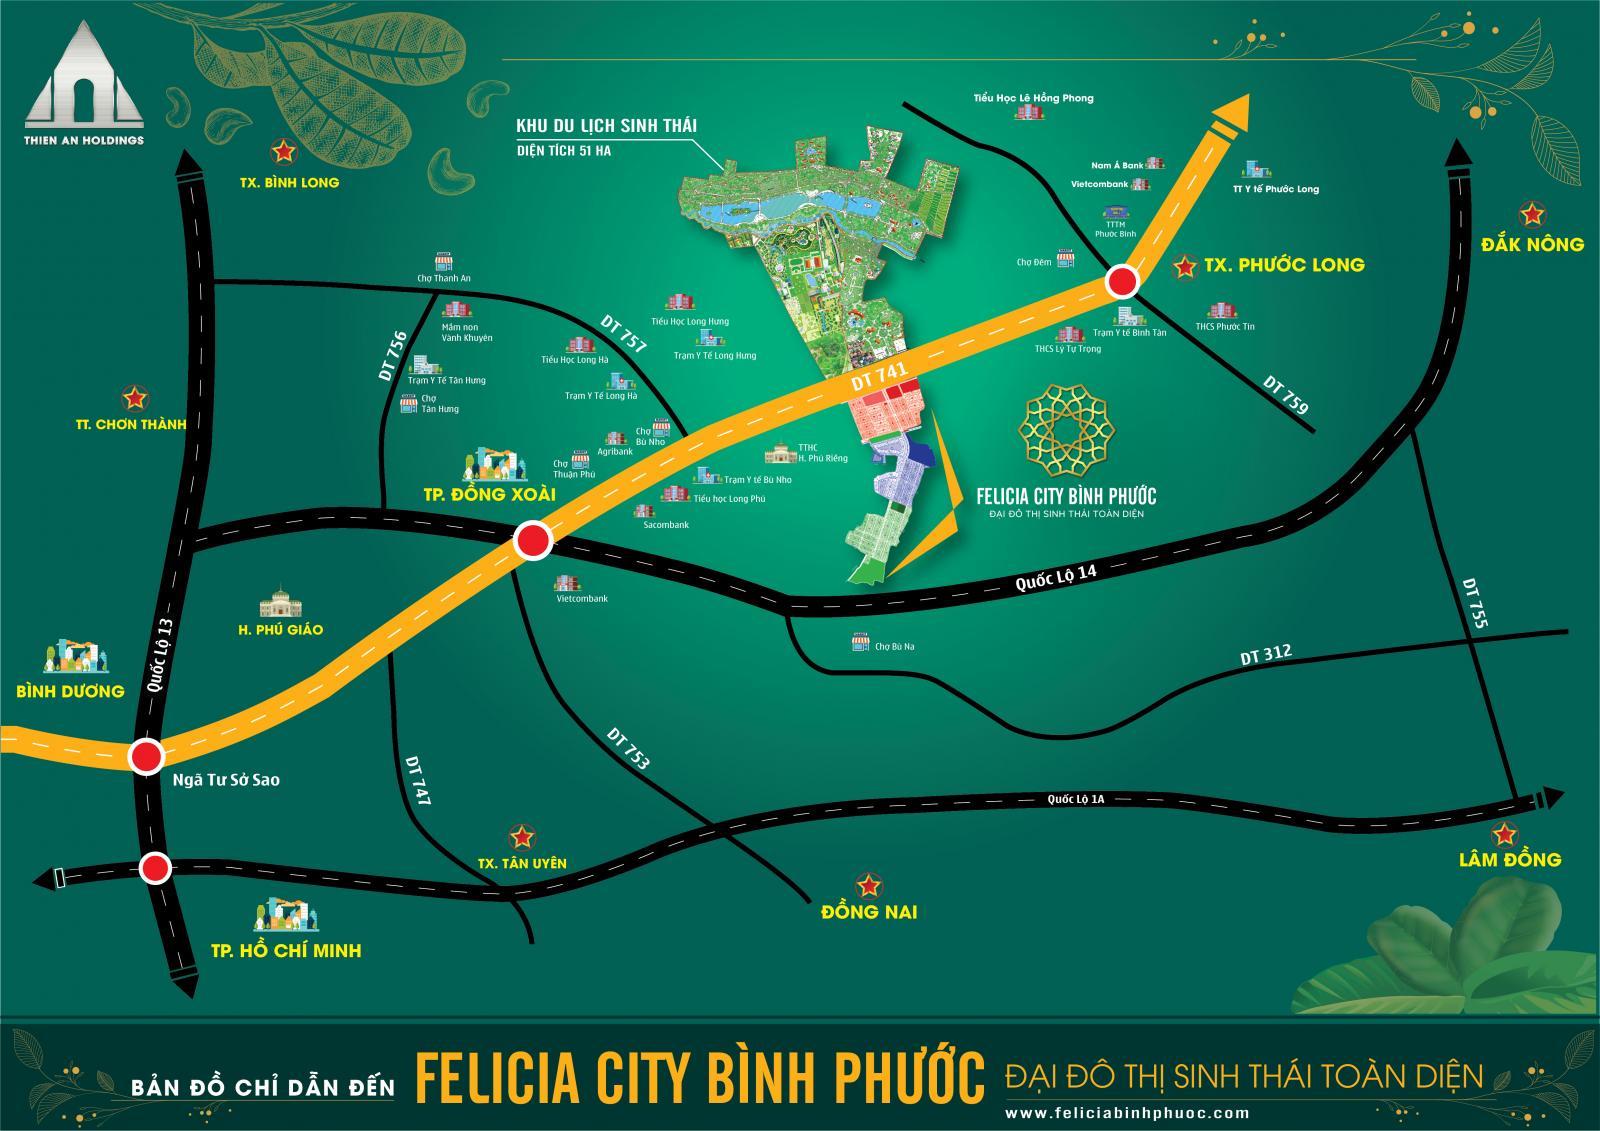 Vị trí dự án Fecilia City Bình Phước
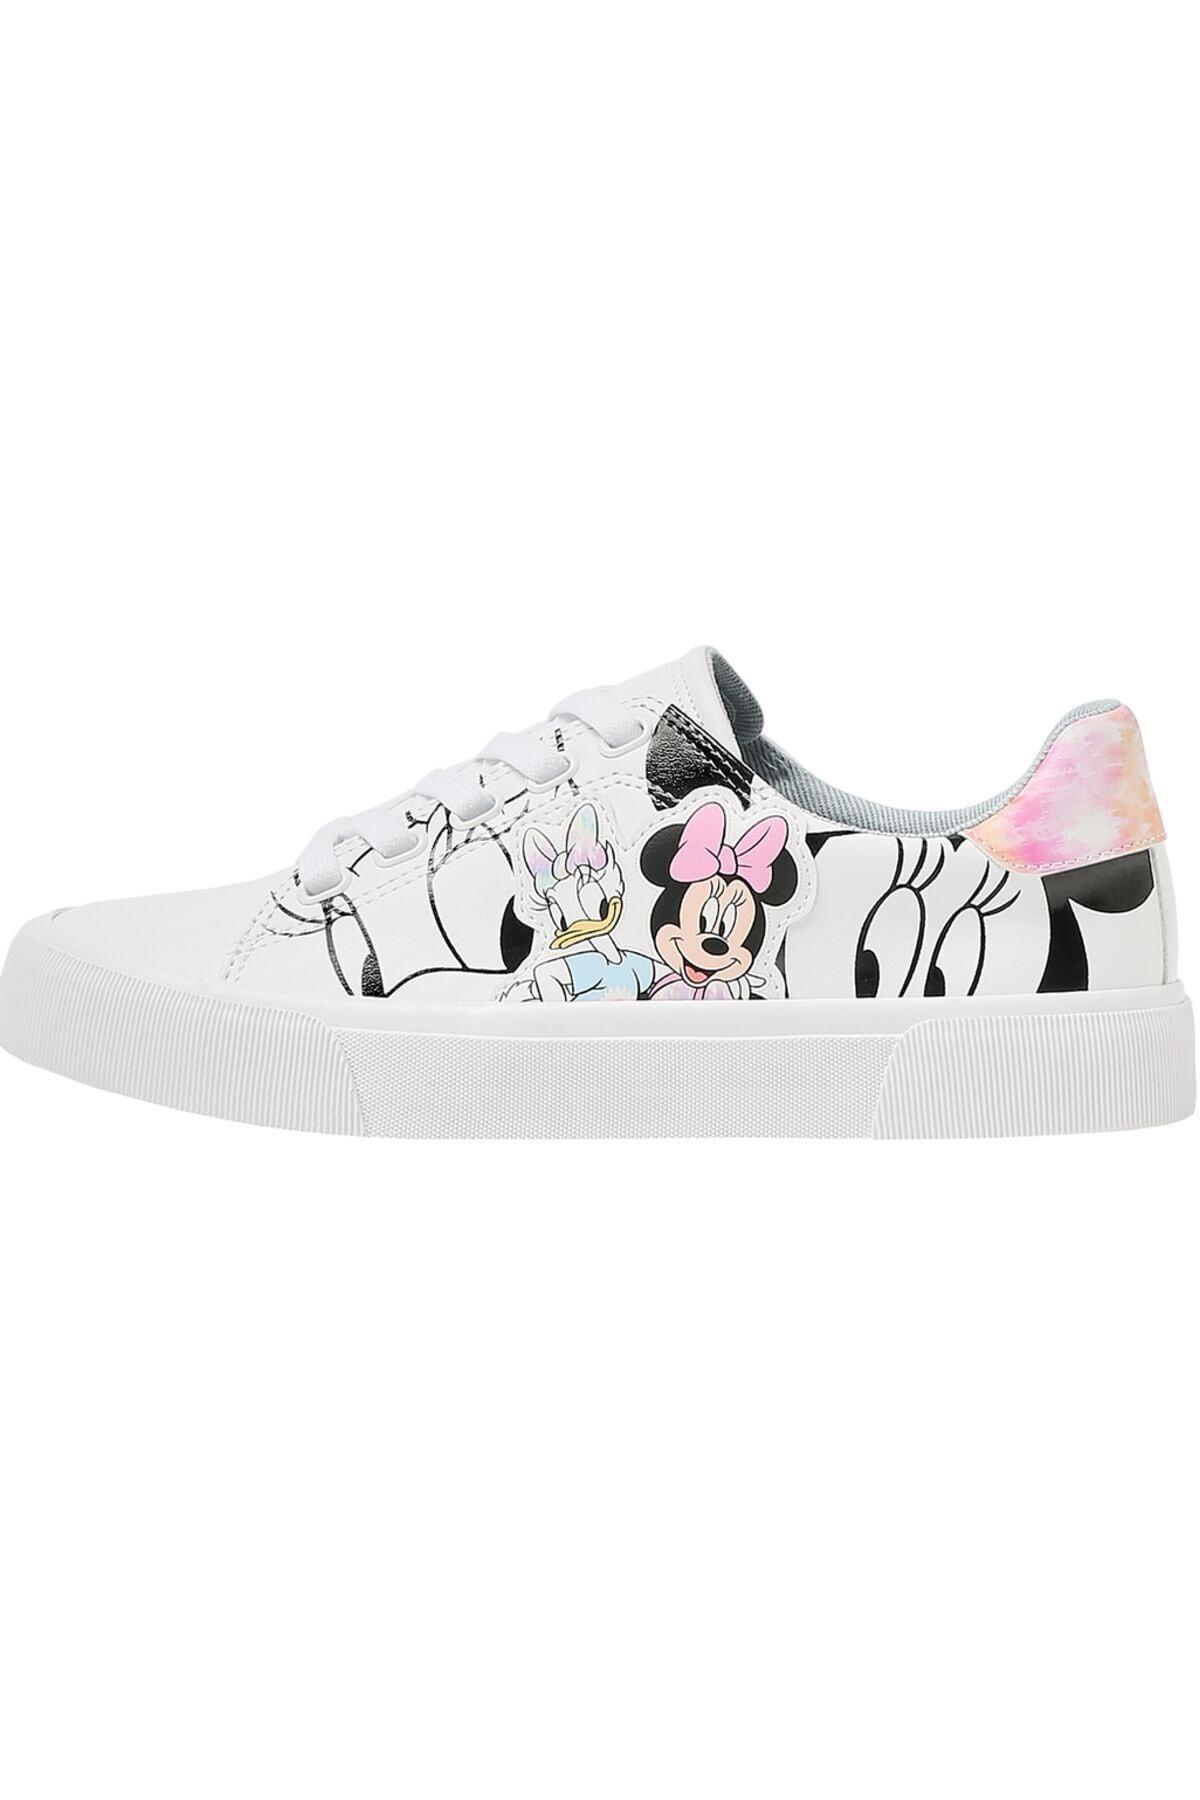 Bershka Minnie Daisy Baskılı Spor Ayakkabı 2
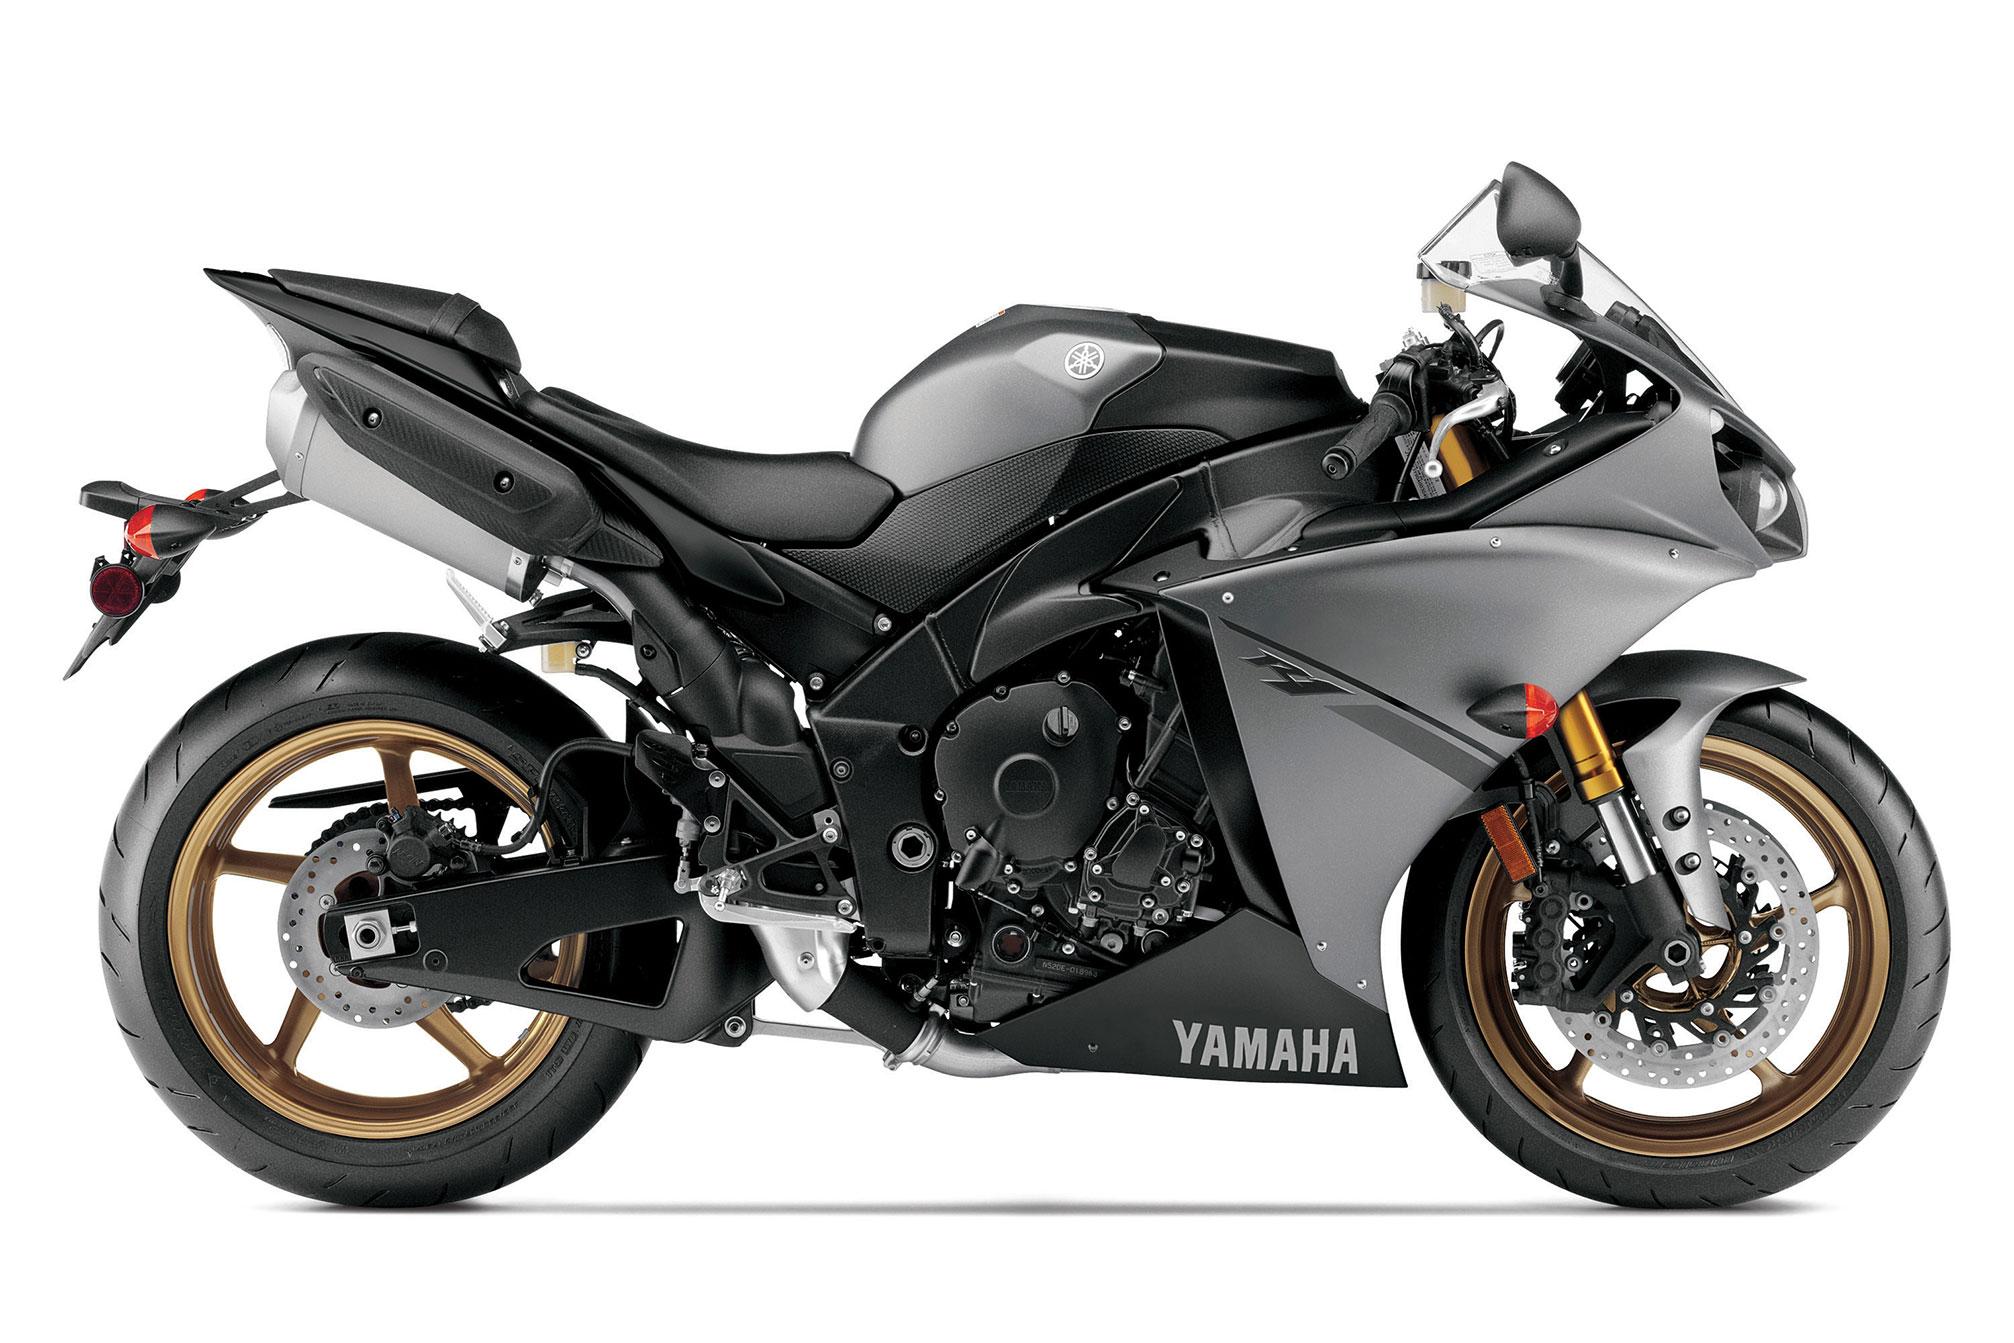 Yamaha YZF-R1 2015 - характеристики, отзывы, где купить, фото ...
• • • • • • •
WHAT YOU SHOULD DO => Write the listing out a second time exactly, dropping all images.

WRITTEN SOLUTION =>
 Vị trí dự án Fecilia City Bình Phước
 Bershka Minnie Daisy Baskılı Spor Ayakkabı 2
 Yamaha YZF-R1 2015 - характеристики, отзывы, где купить, фото ...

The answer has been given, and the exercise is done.